**New case and update to IFEX alerts of 23 December 1999** (RSF/IFEX) – In a letter to Speaker of the National Assembly Agbeyome Kodjo, RSF expressed its concern about a new press bill adopted by the Council of Ministers. RSF asked Kodjo to do everything possible to ensure that the existing press law is not […]
**New case and update to IFEX alerts of 23 December 1999**
(RSF/IFEX) – In a letter to Speaker of the National Assembly Agbeyome Kodjo, RSF expressed its concern about a new press bill adopted by the Council of Ministers. RSF asked Kodjo to do everything possible to ensure that the existing press law is not altered.
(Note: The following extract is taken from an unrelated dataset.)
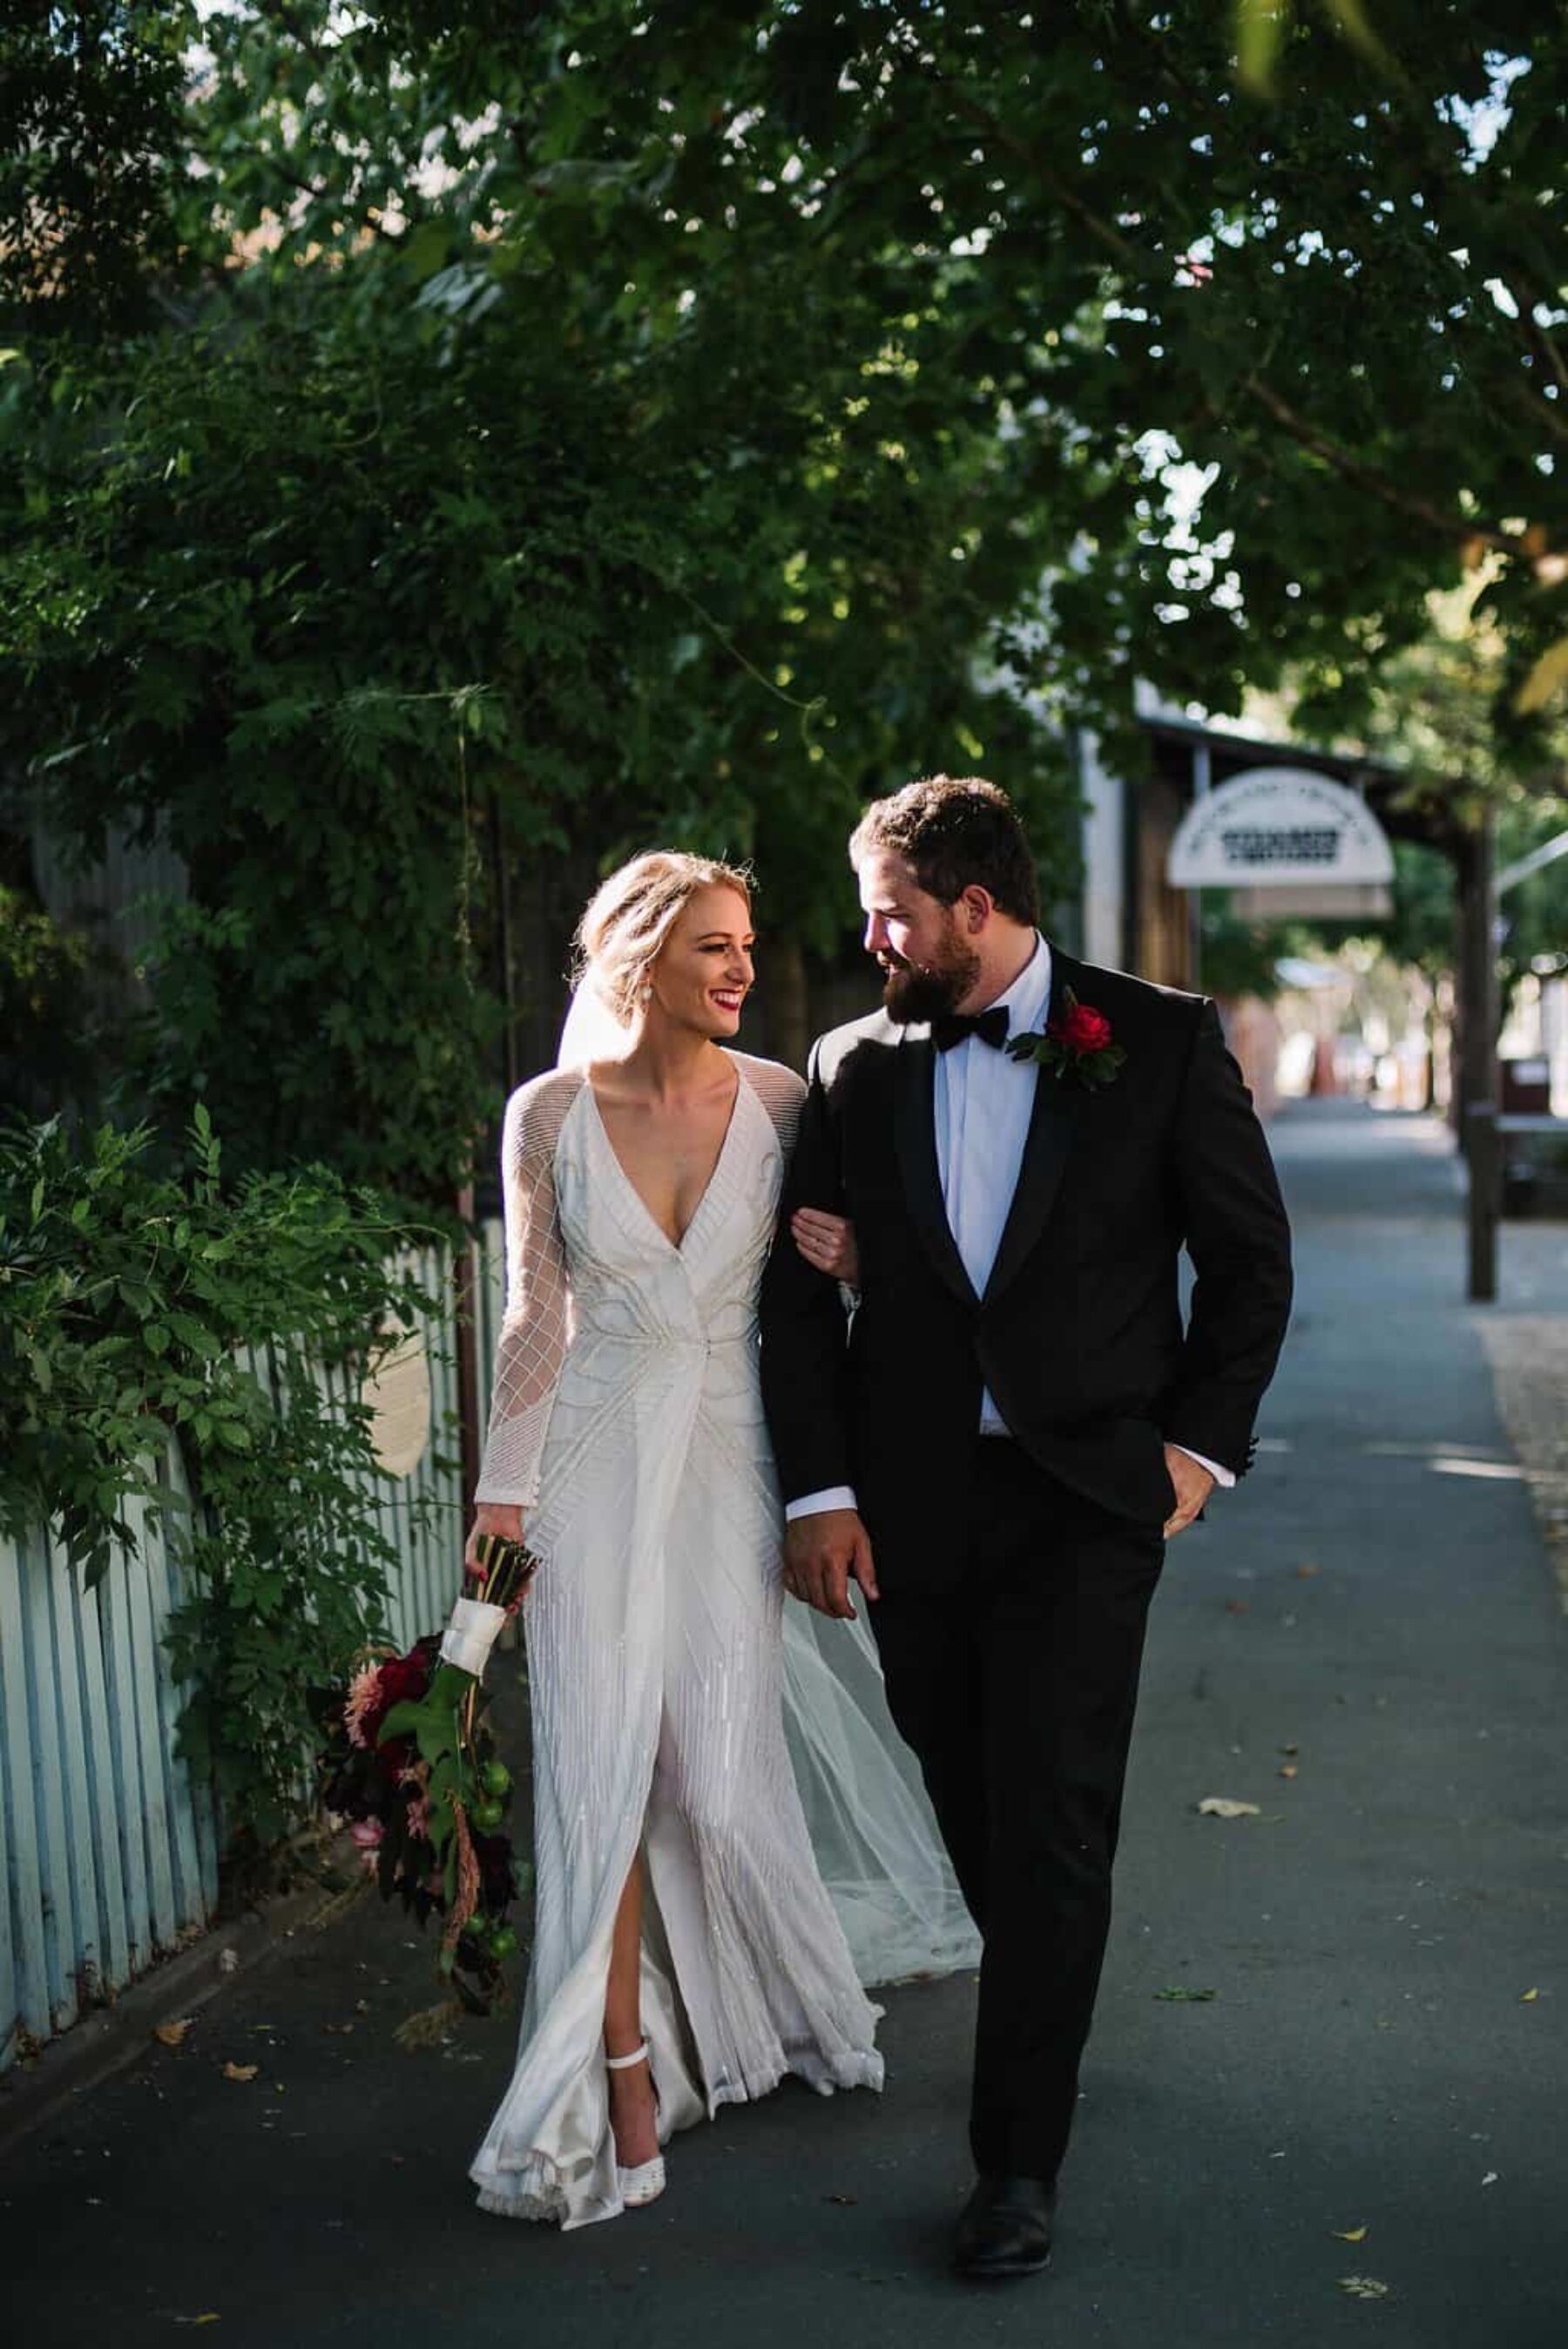 art-deco inspired wedding in Echuca VIC - photography by Tess Follet

Robert Ménard, the organisation’s secretary-general, added that “if this bill is approved by Parliament and becomes law, it would represent a real step backwards for a country which, in reforming its press code in 1998 and abolishing prison sentences for press offences, had shown a degree of openness.”
According to RSF’s information, on 22 December 1999, the government’s Council of Ministers adopted a bill which grants judges the option of “sentencing those charged to prison sentences or suspended sentences” for press offences. The acknowledged purpose of the bill is to allow a judge to deliver “in his soul and conscience, and in accordance with legal dispositions, the most appropriate sanction in each case”.
Furthermore, the organisation recalled that Roland Kpagli Comlan, editor of the private weekly “L’Aurore”, has been jailed since 23 December. He is accused of having falsely asserted that a secondary school pupil had been killed by police officers at a meeting on 7 December.